## REQUIREMENT:
Pick every line out of the entries below that holds the string "Ceramic", and report them.
···
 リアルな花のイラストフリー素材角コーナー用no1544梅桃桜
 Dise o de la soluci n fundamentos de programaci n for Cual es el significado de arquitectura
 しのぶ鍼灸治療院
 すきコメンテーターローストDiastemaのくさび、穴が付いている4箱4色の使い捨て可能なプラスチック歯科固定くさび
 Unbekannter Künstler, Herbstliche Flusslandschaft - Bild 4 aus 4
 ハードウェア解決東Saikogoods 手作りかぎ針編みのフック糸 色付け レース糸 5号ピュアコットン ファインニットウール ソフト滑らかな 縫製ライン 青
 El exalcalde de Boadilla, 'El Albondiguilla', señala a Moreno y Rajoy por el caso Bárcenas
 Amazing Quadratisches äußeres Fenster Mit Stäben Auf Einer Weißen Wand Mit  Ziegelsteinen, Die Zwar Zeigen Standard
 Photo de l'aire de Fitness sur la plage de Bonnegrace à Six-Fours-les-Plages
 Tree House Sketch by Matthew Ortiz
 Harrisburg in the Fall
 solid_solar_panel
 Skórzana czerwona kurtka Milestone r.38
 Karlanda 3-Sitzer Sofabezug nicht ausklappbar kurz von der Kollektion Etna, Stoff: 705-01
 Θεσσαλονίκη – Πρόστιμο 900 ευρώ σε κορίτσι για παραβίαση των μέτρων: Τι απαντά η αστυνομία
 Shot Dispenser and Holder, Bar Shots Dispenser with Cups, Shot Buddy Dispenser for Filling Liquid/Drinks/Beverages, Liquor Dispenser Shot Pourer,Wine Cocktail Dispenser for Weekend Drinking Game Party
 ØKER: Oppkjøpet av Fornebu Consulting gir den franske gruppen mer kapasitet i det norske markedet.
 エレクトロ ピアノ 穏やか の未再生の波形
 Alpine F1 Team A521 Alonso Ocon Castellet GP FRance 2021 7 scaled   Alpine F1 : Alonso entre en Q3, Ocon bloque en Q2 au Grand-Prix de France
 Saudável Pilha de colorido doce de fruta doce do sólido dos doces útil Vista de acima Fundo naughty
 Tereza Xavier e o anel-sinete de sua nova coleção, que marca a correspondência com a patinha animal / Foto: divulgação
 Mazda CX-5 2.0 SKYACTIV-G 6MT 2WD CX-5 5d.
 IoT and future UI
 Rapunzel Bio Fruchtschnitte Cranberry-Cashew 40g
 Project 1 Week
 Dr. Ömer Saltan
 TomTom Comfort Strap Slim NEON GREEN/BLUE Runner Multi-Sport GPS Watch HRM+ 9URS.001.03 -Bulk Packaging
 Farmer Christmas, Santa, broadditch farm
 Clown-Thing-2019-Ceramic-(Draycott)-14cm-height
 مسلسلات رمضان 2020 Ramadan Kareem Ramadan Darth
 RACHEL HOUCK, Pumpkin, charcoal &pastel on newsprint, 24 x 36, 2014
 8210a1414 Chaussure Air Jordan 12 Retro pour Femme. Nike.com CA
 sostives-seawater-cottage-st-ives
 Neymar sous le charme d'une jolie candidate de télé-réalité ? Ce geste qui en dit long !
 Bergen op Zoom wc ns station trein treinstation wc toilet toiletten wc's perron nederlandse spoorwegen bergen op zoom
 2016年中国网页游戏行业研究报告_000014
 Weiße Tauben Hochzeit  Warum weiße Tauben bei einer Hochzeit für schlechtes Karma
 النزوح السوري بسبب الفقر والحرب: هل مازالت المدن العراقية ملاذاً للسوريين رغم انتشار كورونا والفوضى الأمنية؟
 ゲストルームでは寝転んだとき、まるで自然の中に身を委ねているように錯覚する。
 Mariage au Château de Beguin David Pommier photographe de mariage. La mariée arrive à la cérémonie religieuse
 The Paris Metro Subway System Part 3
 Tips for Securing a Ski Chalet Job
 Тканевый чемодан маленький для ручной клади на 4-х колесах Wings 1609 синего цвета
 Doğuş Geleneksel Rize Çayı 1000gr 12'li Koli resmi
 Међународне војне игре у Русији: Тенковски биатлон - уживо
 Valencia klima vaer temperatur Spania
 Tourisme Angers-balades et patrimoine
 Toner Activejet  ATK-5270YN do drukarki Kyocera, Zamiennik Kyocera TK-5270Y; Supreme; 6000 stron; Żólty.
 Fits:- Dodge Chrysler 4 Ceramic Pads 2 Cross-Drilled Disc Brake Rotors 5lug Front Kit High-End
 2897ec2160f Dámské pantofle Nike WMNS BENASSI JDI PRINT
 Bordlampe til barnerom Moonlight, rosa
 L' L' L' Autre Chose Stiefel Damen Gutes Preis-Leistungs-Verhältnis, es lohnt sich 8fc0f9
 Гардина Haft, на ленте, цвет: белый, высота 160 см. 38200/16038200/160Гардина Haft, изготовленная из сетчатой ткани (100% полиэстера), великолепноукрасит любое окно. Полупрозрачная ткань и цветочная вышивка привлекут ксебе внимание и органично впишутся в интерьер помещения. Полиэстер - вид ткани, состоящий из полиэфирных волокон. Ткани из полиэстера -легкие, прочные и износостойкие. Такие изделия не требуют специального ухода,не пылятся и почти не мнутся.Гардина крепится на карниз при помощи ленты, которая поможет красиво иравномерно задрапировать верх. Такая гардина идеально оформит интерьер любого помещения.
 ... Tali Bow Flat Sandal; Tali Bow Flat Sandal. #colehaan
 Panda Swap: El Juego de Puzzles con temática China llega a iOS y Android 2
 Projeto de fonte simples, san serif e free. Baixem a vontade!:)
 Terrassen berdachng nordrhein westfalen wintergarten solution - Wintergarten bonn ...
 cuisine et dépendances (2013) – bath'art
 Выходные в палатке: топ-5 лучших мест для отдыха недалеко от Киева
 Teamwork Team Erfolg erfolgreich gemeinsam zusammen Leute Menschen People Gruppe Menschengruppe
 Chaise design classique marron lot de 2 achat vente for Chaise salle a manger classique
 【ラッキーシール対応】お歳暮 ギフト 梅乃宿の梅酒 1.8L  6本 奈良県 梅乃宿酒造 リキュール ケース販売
···
## SOLUTION BELOW:
 Clown-Thing-2019-Ceramic-(Draycott)-14cm-height
 Fits:- Dodge Chrysler 4 Ceramic Pads 2 Cross-Drilled Disc Brake Rotors 5lug Front Kit High-End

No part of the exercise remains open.